Input -
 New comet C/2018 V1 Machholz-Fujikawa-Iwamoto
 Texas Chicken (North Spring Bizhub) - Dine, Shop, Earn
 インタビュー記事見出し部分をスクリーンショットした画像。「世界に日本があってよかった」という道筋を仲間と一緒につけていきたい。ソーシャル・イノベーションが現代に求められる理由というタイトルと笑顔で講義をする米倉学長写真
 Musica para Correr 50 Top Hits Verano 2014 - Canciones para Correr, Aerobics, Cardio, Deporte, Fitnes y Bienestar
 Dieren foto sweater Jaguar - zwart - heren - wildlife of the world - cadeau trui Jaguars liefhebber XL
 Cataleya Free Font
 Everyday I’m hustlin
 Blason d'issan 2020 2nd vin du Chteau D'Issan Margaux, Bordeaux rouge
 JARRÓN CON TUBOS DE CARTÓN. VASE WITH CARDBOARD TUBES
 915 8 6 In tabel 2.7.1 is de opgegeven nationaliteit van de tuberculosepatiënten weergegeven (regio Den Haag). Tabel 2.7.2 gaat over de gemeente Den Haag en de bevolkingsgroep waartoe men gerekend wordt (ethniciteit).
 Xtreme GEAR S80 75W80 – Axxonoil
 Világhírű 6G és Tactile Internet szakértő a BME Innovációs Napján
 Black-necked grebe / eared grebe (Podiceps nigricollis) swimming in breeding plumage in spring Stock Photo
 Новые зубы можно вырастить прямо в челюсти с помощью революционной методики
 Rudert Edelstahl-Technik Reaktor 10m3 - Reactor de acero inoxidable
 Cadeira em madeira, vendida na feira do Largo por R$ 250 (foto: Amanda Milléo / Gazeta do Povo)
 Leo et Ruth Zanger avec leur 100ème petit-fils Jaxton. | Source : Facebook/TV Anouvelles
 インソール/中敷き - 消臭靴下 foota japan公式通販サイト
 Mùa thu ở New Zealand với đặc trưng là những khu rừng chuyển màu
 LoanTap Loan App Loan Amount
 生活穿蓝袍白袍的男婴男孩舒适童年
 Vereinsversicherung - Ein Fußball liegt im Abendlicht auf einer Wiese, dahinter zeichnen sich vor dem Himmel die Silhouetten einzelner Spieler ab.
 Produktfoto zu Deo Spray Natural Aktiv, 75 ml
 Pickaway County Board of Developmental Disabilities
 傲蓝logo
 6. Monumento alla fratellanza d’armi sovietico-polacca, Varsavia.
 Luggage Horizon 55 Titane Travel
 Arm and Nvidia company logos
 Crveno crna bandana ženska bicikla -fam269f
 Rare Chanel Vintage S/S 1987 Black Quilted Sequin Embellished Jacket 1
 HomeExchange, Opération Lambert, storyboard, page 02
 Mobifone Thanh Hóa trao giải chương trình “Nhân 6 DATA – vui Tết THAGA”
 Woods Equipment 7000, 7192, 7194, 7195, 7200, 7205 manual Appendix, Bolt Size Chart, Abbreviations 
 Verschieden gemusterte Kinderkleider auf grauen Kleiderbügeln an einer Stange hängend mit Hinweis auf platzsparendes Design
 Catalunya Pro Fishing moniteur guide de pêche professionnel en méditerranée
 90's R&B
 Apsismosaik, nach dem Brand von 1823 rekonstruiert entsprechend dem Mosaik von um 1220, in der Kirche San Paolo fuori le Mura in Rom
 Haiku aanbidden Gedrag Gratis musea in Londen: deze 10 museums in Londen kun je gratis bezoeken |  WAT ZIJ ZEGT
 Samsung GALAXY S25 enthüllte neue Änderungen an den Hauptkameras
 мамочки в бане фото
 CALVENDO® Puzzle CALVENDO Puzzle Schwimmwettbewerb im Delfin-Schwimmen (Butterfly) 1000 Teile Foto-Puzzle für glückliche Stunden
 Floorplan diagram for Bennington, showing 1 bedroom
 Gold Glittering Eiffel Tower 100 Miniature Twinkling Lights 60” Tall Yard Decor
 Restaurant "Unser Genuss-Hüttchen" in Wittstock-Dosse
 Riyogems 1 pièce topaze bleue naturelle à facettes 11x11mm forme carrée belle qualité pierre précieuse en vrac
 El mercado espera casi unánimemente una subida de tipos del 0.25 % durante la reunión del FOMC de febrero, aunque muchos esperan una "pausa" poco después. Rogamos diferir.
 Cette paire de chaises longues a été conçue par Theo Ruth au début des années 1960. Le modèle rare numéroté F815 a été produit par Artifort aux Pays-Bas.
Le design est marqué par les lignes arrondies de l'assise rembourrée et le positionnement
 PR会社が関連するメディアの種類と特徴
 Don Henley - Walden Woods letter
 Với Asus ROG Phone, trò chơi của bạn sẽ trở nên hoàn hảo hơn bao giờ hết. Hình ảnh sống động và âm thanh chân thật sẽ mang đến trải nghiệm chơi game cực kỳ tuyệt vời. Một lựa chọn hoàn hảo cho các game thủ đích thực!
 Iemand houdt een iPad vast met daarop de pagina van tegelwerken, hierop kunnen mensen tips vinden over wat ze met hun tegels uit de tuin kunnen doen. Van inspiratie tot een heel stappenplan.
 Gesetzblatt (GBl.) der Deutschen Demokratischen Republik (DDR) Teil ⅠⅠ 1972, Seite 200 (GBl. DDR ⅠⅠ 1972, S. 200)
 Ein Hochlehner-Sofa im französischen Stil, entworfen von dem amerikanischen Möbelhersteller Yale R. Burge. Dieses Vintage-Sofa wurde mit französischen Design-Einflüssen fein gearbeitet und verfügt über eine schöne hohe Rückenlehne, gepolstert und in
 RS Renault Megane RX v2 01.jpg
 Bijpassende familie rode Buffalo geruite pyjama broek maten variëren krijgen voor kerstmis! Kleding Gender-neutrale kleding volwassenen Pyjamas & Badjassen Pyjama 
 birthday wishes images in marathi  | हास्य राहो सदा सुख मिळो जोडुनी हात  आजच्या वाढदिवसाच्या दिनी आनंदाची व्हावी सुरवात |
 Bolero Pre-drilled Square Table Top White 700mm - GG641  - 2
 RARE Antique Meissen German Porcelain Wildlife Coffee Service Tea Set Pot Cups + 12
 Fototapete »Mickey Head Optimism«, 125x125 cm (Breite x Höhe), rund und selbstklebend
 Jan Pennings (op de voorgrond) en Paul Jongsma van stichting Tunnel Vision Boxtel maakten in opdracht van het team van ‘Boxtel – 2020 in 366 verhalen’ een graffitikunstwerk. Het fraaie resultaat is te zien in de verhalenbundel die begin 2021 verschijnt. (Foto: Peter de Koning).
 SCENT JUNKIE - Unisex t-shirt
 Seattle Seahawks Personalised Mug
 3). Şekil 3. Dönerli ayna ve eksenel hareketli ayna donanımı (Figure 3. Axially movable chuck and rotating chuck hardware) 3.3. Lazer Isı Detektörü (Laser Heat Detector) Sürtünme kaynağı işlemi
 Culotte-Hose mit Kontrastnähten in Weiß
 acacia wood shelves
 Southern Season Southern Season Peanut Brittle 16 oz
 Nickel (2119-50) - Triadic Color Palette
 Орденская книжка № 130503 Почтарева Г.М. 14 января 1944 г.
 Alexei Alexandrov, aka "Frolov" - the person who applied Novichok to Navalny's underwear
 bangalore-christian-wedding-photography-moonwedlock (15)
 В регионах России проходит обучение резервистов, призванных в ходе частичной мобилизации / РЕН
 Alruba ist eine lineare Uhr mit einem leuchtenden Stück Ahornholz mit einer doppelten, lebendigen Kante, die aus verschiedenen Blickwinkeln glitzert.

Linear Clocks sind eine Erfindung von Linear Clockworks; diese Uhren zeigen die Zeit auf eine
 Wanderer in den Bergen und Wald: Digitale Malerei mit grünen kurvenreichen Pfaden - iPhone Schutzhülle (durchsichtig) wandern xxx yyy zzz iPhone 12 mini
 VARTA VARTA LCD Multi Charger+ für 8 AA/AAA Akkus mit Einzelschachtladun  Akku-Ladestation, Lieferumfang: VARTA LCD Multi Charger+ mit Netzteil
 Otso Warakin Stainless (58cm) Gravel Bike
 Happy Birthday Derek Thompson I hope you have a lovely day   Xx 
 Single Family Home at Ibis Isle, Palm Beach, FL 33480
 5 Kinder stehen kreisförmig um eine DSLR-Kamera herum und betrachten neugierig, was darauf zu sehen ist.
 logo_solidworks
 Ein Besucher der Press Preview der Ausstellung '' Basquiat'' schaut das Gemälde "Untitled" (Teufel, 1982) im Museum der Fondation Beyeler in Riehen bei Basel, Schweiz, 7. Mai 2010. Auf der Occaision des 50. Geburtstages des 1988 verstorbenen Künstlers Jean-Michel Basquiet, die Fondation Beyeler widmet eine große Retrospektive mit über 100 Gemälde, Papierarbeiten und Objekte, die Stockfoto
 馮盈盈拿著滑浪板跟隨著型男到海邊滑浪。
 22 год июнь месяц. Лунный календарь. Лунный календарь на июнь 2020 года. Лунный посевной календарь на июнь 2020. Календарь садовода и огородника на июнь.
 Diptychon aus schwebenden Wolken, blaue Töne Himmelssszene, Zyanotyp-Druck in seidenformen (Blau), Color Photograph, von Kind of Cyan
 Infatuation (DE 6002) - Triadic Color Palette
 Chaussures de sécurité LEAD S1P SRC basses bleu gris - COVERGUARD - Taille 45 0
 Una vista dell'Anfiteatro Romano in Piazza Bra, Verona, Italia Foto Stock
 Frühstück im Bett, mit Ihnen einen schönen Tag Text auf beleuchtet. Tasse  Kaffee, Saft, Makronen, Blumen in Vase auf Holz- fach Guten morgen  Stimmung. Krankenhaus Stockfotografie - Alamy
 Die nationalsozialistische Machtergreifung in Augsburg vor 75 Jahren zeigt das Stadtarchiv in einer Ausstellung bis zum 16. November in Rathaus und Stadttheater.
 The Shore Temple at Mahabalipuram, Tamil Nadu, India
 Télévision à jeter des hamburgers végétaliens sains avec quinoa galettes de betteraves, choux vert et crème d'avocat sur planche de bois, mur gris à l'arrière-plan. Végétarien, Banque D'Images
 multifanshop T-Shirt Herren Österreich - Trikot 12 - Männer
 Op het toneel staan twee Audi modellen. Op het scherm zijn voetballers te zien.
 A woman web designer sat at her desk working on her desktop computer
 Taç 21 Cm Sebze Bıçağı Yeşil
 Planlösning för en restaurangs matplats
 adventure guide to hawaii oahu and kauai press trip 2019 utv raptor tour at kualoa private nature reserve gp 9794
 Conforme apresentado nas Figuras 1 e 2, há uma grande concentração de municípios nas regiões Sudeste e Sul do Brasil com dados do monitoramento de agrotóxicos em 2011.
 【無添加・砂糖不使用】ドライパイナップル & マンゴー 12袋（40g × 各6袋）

Exercise prompt -
Your answer must be every line from the listing above that holds the string "Color".

Solution for this exercise -
 Nickel (2119-50) - Triadic Color Palette
 Diptychon aus schwebenden Wolken, blaue Töne Himmelssszene, Zyanotyp-Druck in seidenformen (Blau), Color Photograph, von Kind of Cyan
 Infatuation (DE 6002) - Triadic Color Palette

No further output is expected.